(Items from a dataset)
──────
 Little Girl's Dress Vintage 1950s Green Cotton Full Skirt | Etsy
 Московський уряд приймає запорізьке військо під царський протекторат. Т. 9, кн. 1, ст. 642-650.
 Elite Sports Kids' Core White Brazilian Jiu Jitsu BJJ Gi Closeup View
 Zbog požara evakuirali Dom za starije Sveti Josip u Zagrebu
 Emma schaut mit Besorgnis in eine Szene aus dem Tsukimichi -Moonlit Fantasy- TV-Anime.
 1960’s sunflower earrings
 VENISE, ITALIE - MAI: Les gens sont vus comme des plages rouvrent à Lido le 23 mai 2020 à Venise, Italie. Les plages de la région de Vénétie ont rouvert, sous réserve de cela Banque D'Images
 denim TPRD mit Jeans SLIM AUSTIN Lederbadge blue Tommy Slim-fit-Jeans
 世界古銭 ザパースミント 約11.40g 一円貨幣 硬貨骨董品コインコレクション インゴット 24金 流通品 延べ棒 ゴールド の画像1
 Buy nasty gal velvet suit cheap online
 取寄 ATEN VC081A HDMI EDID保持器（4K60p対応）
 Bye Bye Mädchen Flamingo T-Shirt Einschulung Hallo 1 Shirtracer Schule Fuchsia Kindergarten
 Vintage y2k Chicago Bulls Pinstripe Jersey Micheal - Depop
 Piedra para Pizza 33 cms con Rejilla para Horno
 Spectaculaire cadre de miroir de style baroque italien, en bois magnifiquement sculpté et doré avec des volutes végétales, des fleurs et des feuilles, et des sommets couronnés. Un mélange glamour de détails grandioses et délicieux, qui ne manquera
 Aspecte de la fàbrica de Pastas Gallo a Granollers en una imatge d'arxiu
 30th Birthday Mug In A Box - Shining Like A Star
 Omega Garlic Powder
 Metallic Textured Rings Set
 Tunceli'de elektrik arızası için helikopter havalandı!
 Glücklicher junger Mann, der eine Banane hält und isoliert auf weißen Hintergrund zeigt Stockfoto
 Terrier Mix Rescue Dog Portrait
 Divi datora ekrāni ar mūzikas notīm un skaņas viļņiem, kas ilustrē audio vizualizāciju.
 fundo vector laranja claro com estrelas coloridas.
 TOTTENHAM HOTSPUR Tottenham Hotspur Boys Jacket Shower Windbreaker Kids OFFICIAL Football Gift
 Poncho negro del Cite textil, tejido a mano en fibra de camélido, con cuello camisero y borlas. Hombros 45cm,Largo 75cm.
──────
Required work | If the string "Vintage" is in a line of the entries, pick that line out.

Result for this task |
 Little Girl's Dress Vintage 1950s Green Cotton Full Skirt | Etsy
 Vintage y2k Chicago Bulls Pinstripe Jersey Micheal - Depop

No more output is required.